Another Supreme Court ruling which must be perused when it comes to the issue of Uniform Civil Code is the Sarla Mudgal v Union of India [(1995) 3 SCC 635] in which the Supreme Court decided a significant question of law by holding that where a Hindu man married under the Hindu law, converted to Islam and got married for a second time, without dissolving his first marriage, then such second marriage would be illegal and such a man could be punished for bigamy under the provisions of Section 494 of the IPC, 1860. In this case too the Supreme Court stressed upon the need of a Uniform Civil Code. In this case the Supreme Court went to the extent of requesting the Government of India through the Prime Minister of the country to take a fresh look at Article 44 of the Constitution, which places a positive obligation upon the state to secure a Uniform Civil Code throughout the territory of India. The Court also observed, “Till the time we achieve the goal – uniform civil code for all the citizens of India – there is an open inducement to a Hindu husband, who wants to enter into second marriage while the first marriage is subsisting, to become a Muslim. Since monogamy is the law for Hindus and the Muslim law permits as many as four wives in India, errand Hindu husband embraces Islam to circumvent the provisions of the Hindu law and to escape from penal consequences.”

It is, therefore, clear that despite the Supreme Court recognising the need of a Uniform Civil Code in some of its historic and landmark rulings, the subsequent governments have turned a blind eye towards the Constitutional goal.

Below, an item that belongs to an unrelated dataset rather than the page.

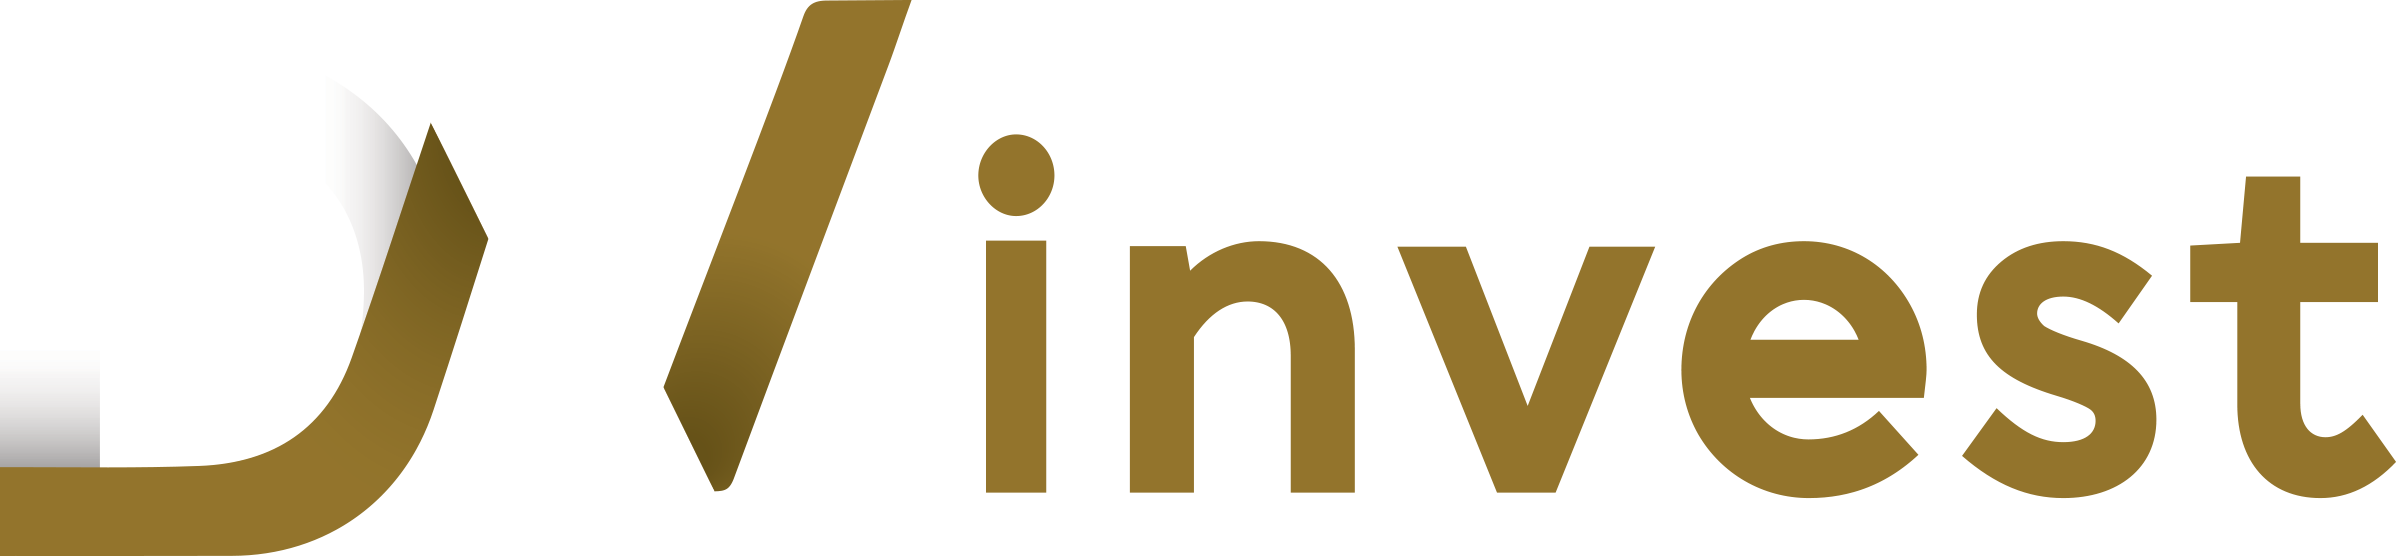 DVInvest - Volume – Monitore o rastro dos grandes investidores
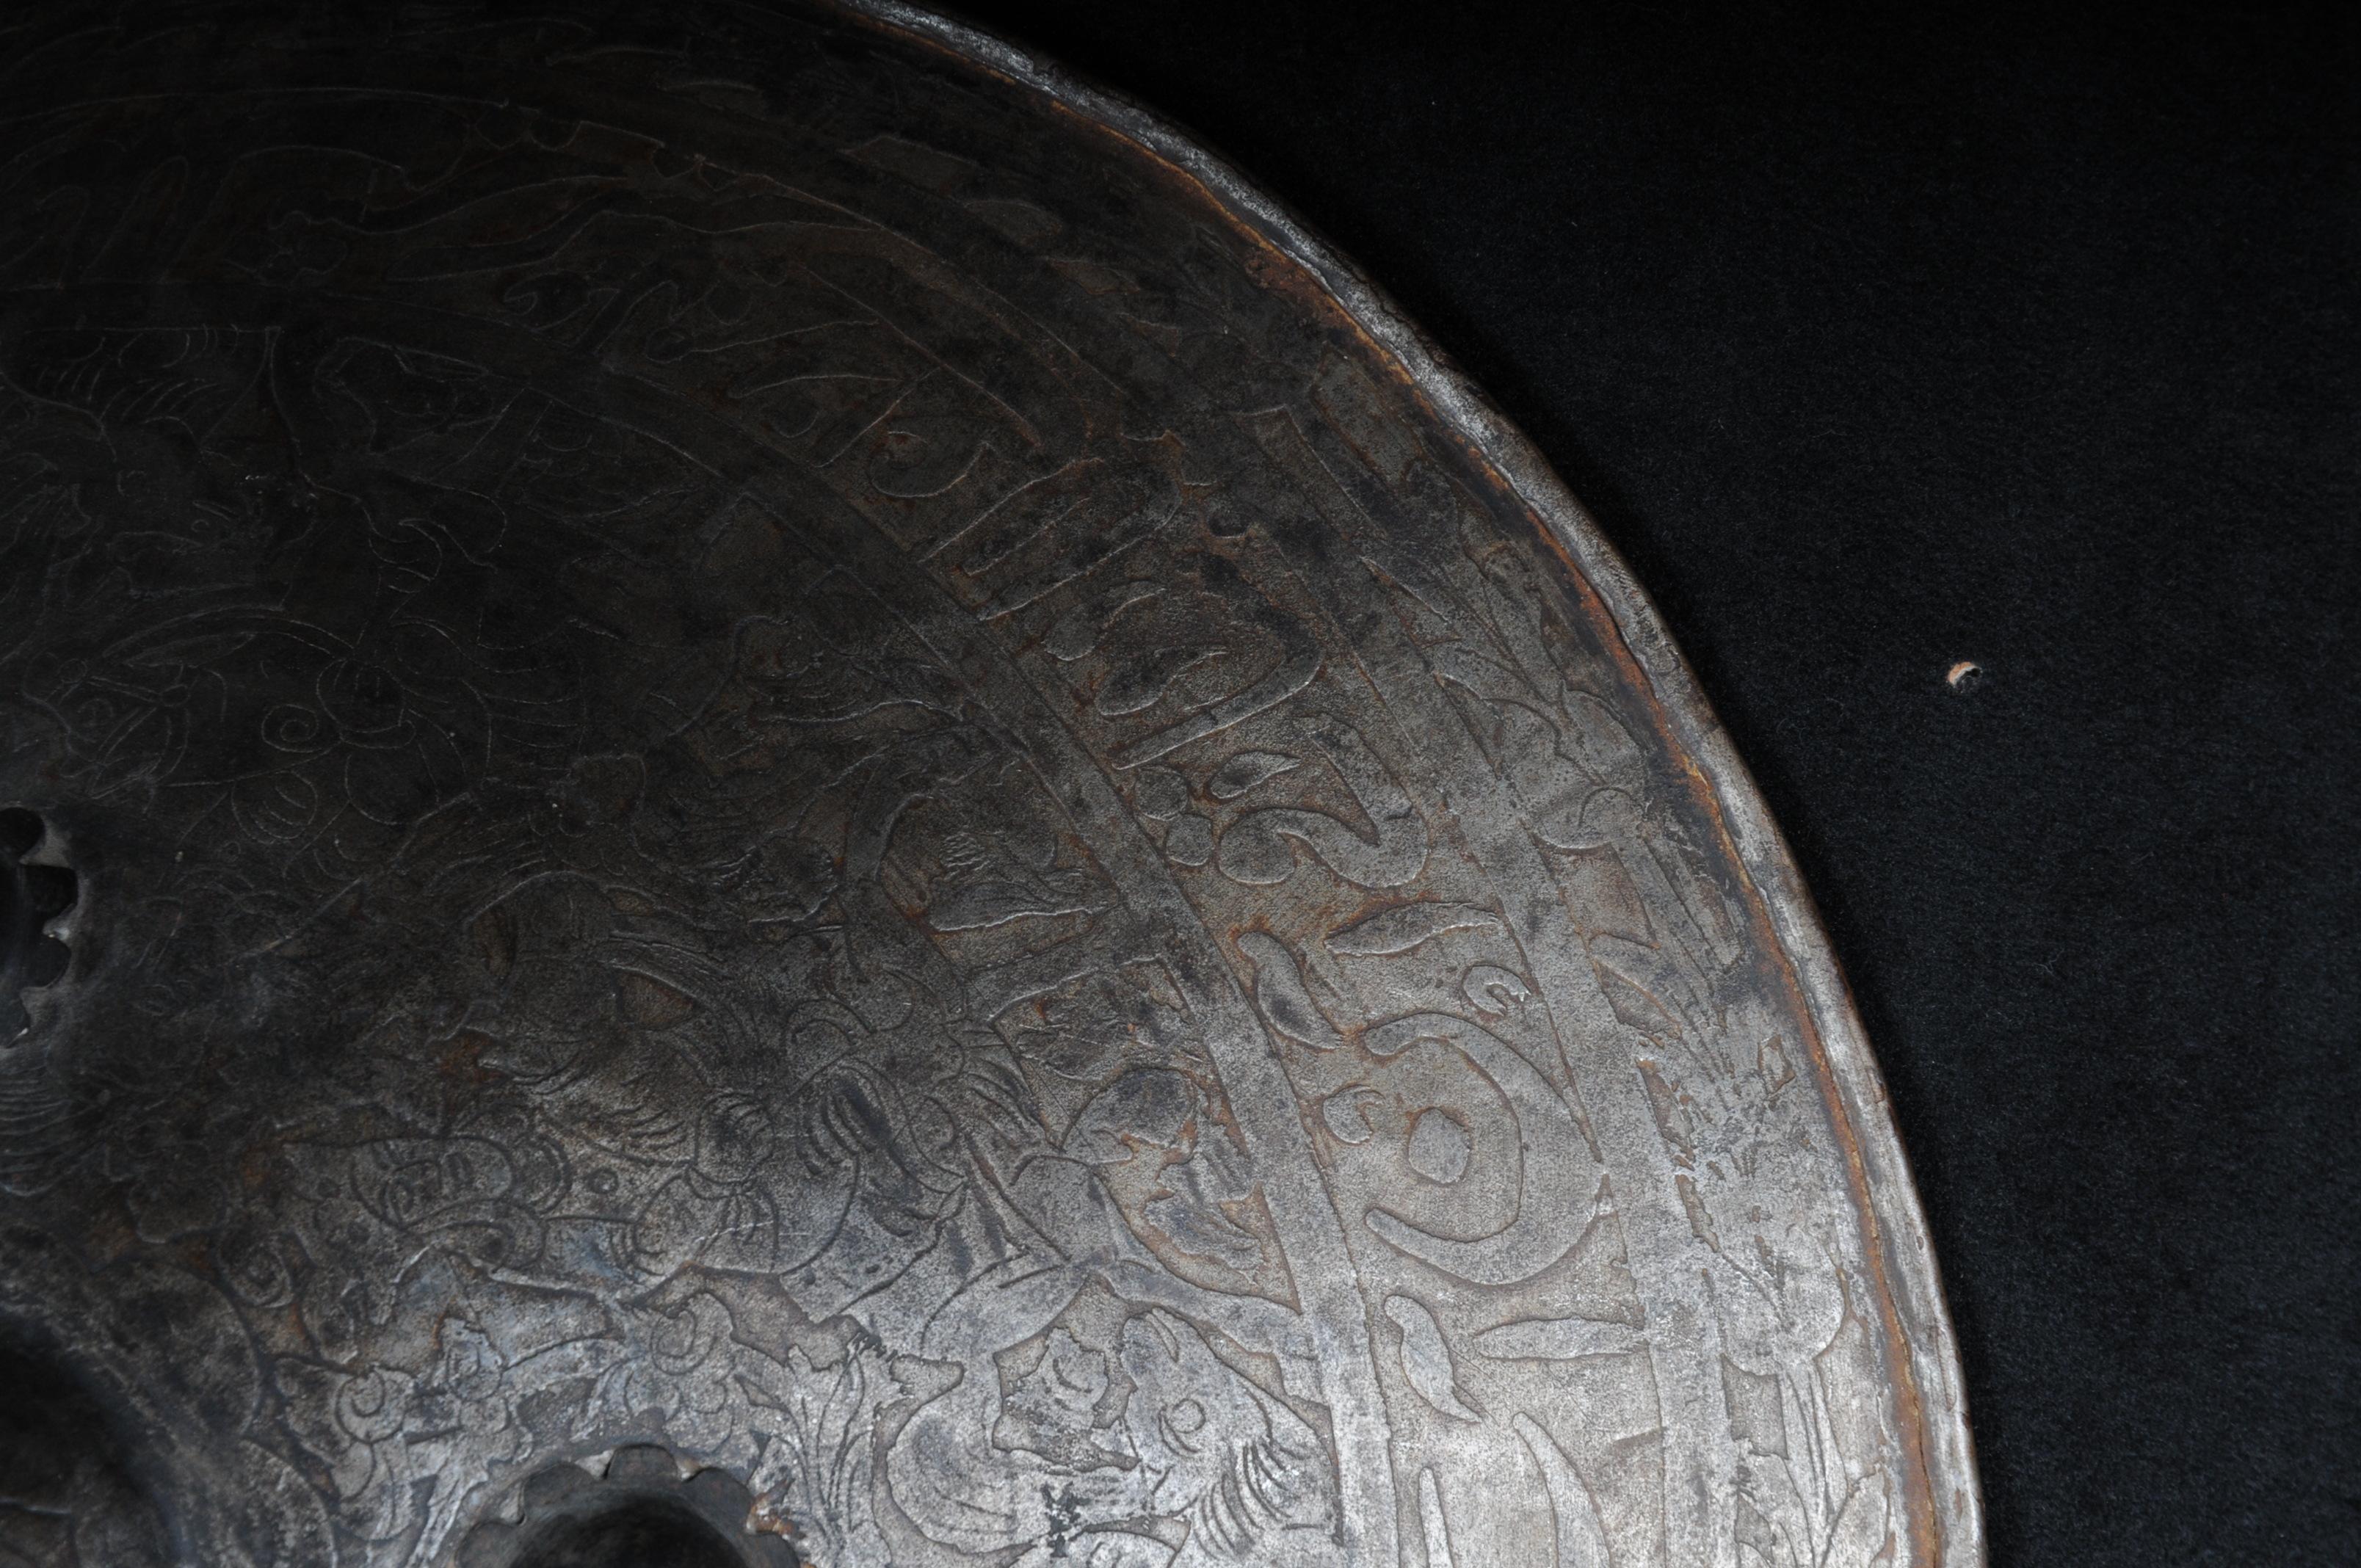 ancient persian shield

It must be borne in mind that though the Uniform Civil Code is a Directive Principle of State Policy, which are not justiciable before the Courts of the country, however, are “nevertheless fundamental in the governance of the country and it shall be the duty of the State to apply these principles in making laws.” What this basically means is that while the Directive Principles are not justiciable in Courts, these principles remain fundamental to governance of the country. These are also positive obligations cast upon the State, which is made duty bound to apply these principles in law making. Contrary to the popular opinion, the Directive Principles are not a dead letter. While the Constitution does not give the option of getting these Principles enforced through the Courts, it was believed that a failure to implement these principles would trigger a backlash during elections, which would serve as a sanction for the enforcement of these Principles. Thus, Directive Principles of State Policy are not mere guidelines for the State but real constitutional goals which the State must at all times, strike to achieve.

It can be concluded that as far as the obligation of securing a Uniform Civil Code throughout the territory of India is concerned, the legislature is not there yet. While the Supreme Court has time and again made thought provoking observations on this issue, with the recent Supreme Court observations, it is expected that some kind of positive development will take place in the right direction and this elusive object would finally be achieved.